6. How does this affect the efficacy of ACTs?
National malaria control programmes need to consider the possibility of emerging resistance to both the artemisinin compound and the partner drug. If resistance to the partner drug exists, it is more likely that resistance to artemisinin will also develop, and vice versa. If the treatment failure rate is higher than 10% after treatment with an ACT, WHO recommends that the country changes its treatment policy by switching to an ACT with a different partner drug.
7. What more needs to be done to fight this threat?
Fighting the threat of artemisinin resistance requires an urgent and coordinated international response, as well as robust and predictable financing. The scale-up of containment efforts has major cost implications for the public health budgets of countries in the Greater Mekong subregion, and affected countries cannot fight this challenge alone. Increased international assistance would deliver significant savings in the long run, improving the sustainability and public health impact of malaria interventions around the world. WHO is working with affected countries and partners to ensure a rapid and comprehensive scale up of malaria interventions and containment efforts in the Greater Mekong subregion.

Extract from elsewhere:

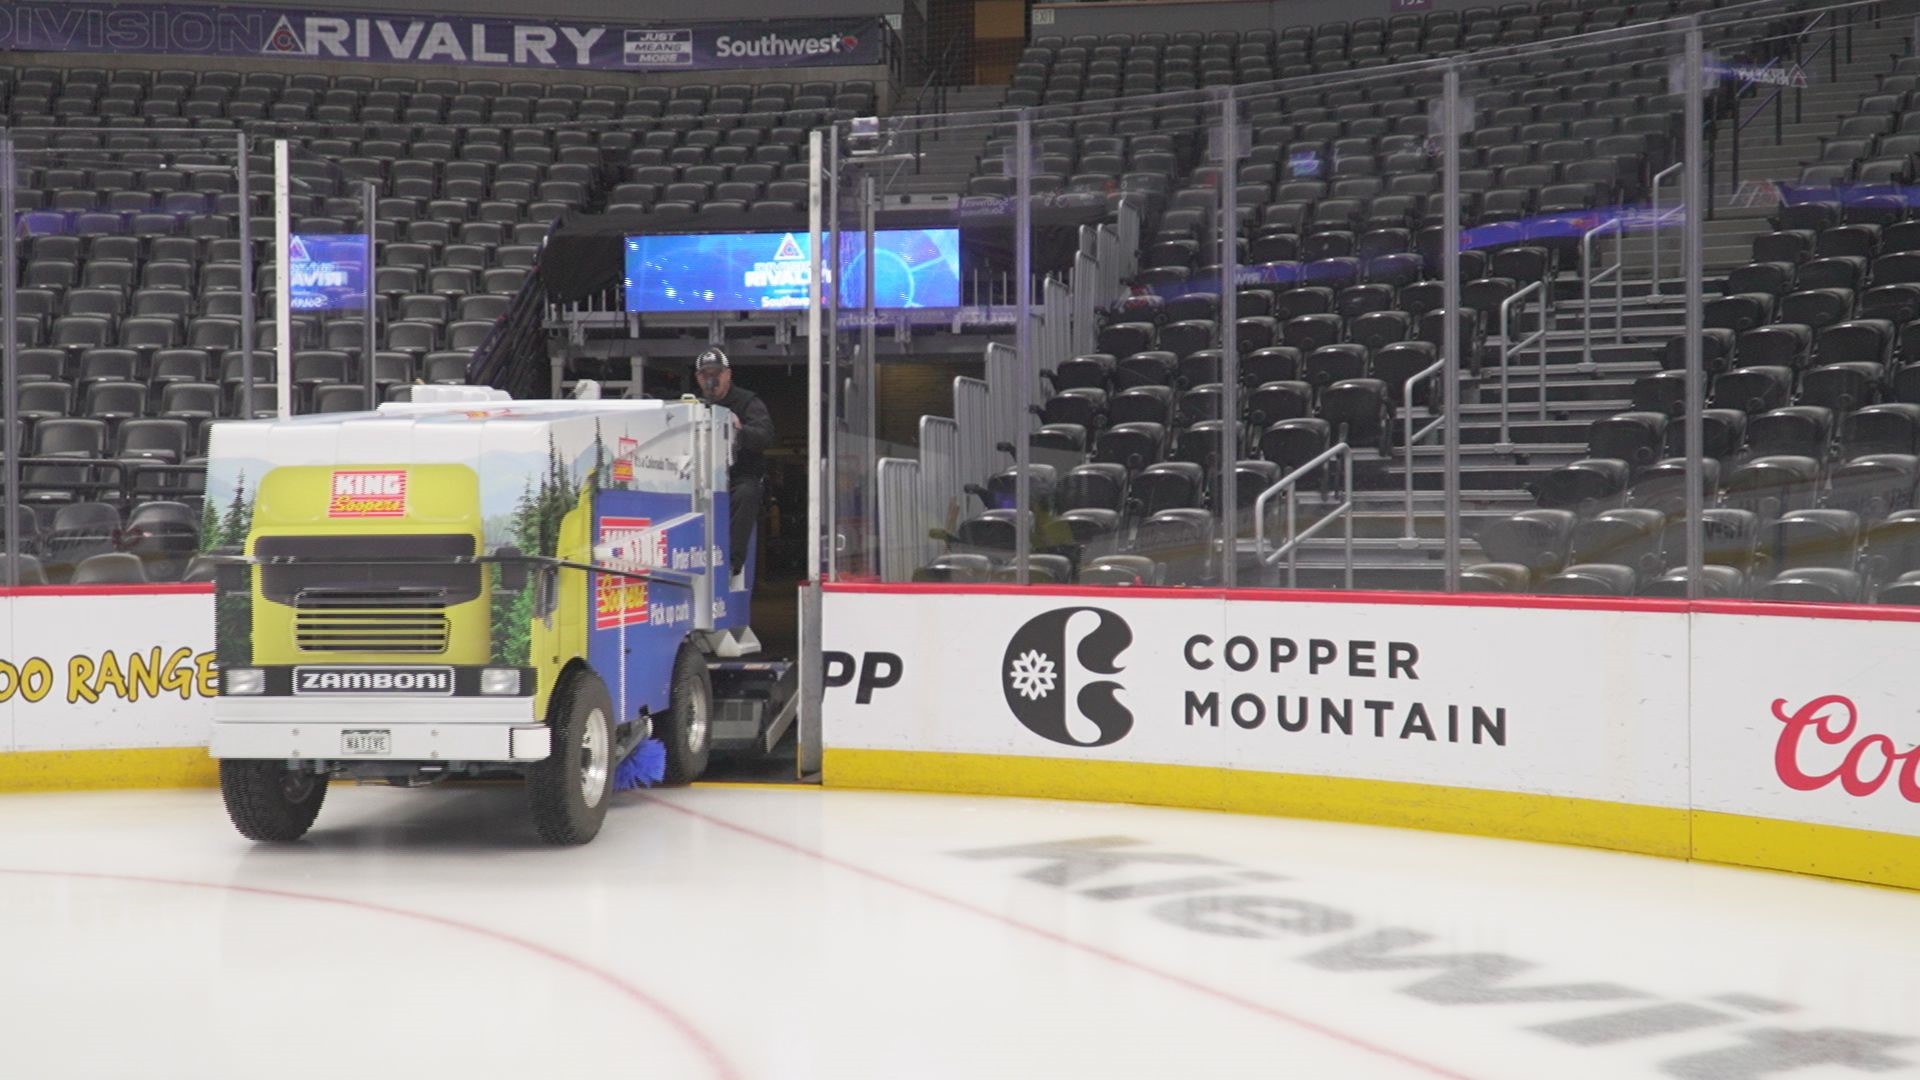 Tony Kreusch has spent over two decades creating and maintaining the ice at Ball Arena as the Avs' head ice technician.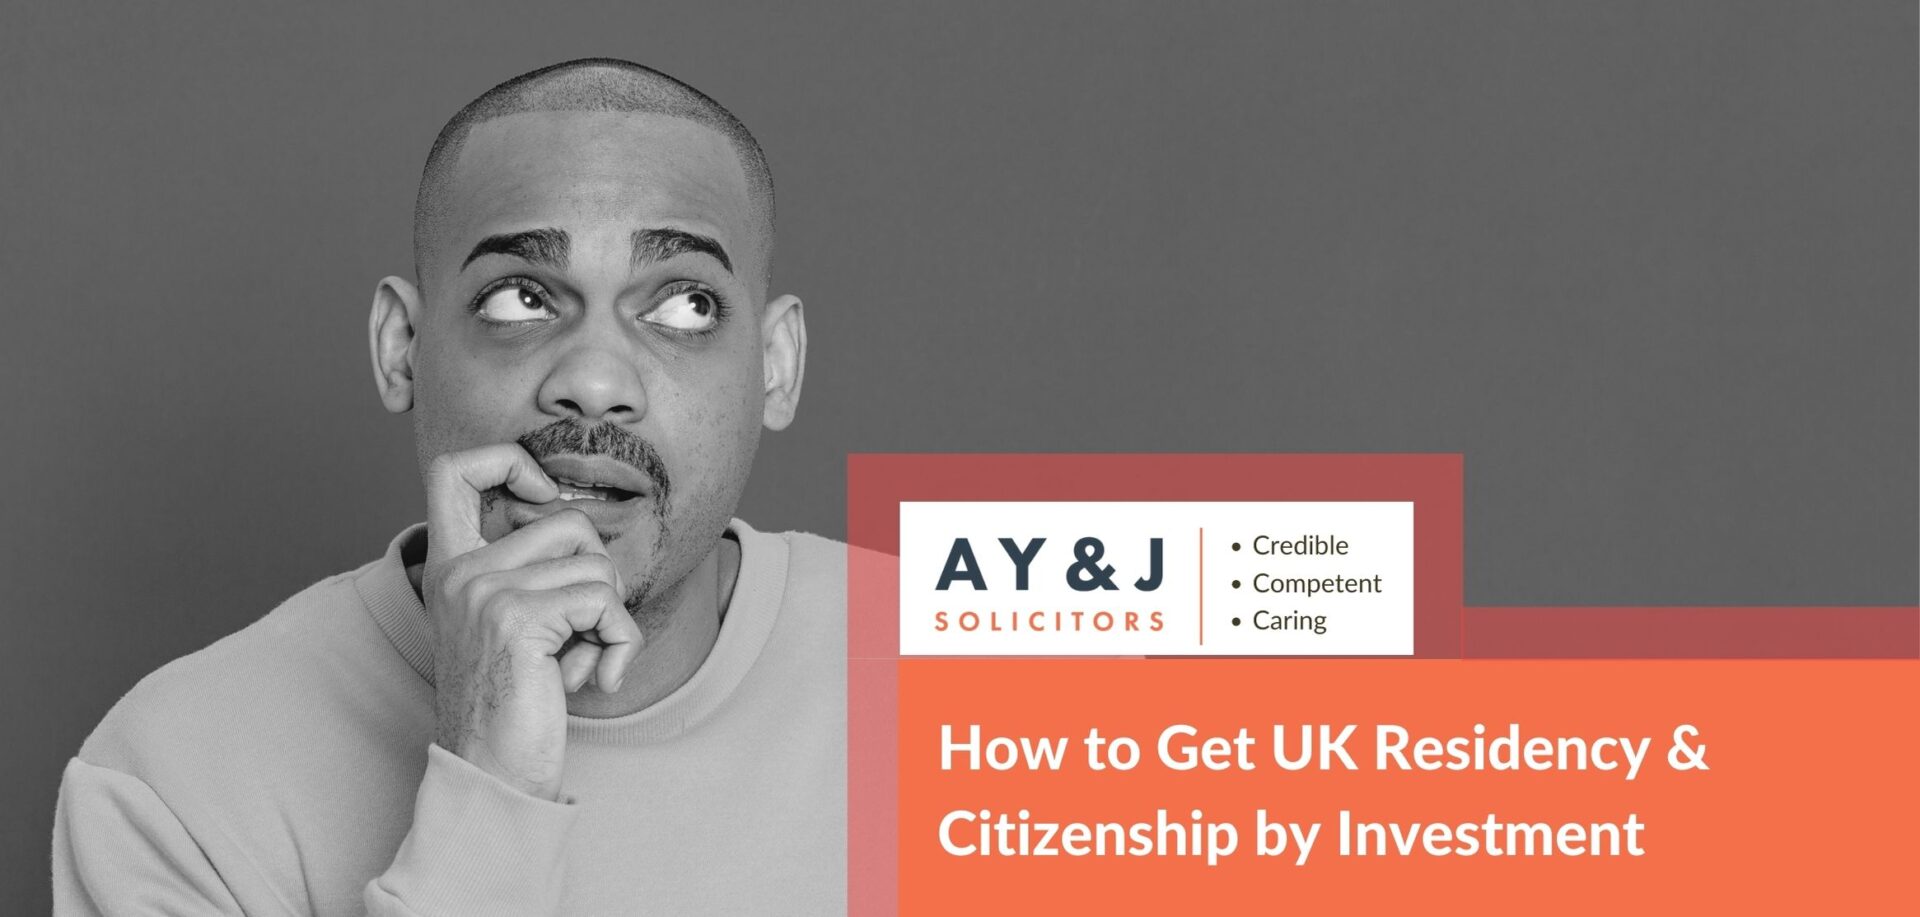 How to Get UK Residency & Citizenship by Investment

The WHO coordination efforts, based out of a regional hub in Phnom Penh, Cambodia, are being supported by the Bill & Melinda Gates Foundation and the Government of Australia. In addition, the Global Fund to Fight AIDS, Tuberculosis and Malaria has committed US$ 100 million to tackle this threat between 2014 and 2017. While these are significant steps forward, the funding gap remains substantial. In early 2013, WHO estimated that about US$ 300–350 million in additional funding was required for the 2013–2015 period to fully scale up malaria control and containment activities in the affected countries.
Endemic countries outside this region – and in particular on the African continent, where malaria took an estimated 560 000 lives in 2012 – also need to identify additional resources to fully implement the GPARC’s recommendations. One of the most urgent challenges is to strengthen pharmaceutical market regulation, and remove oral artemisinin-based monotherapies from markets around the world once and for all.
This factsheet was originally issued in April 2013 and was updated in April 2014.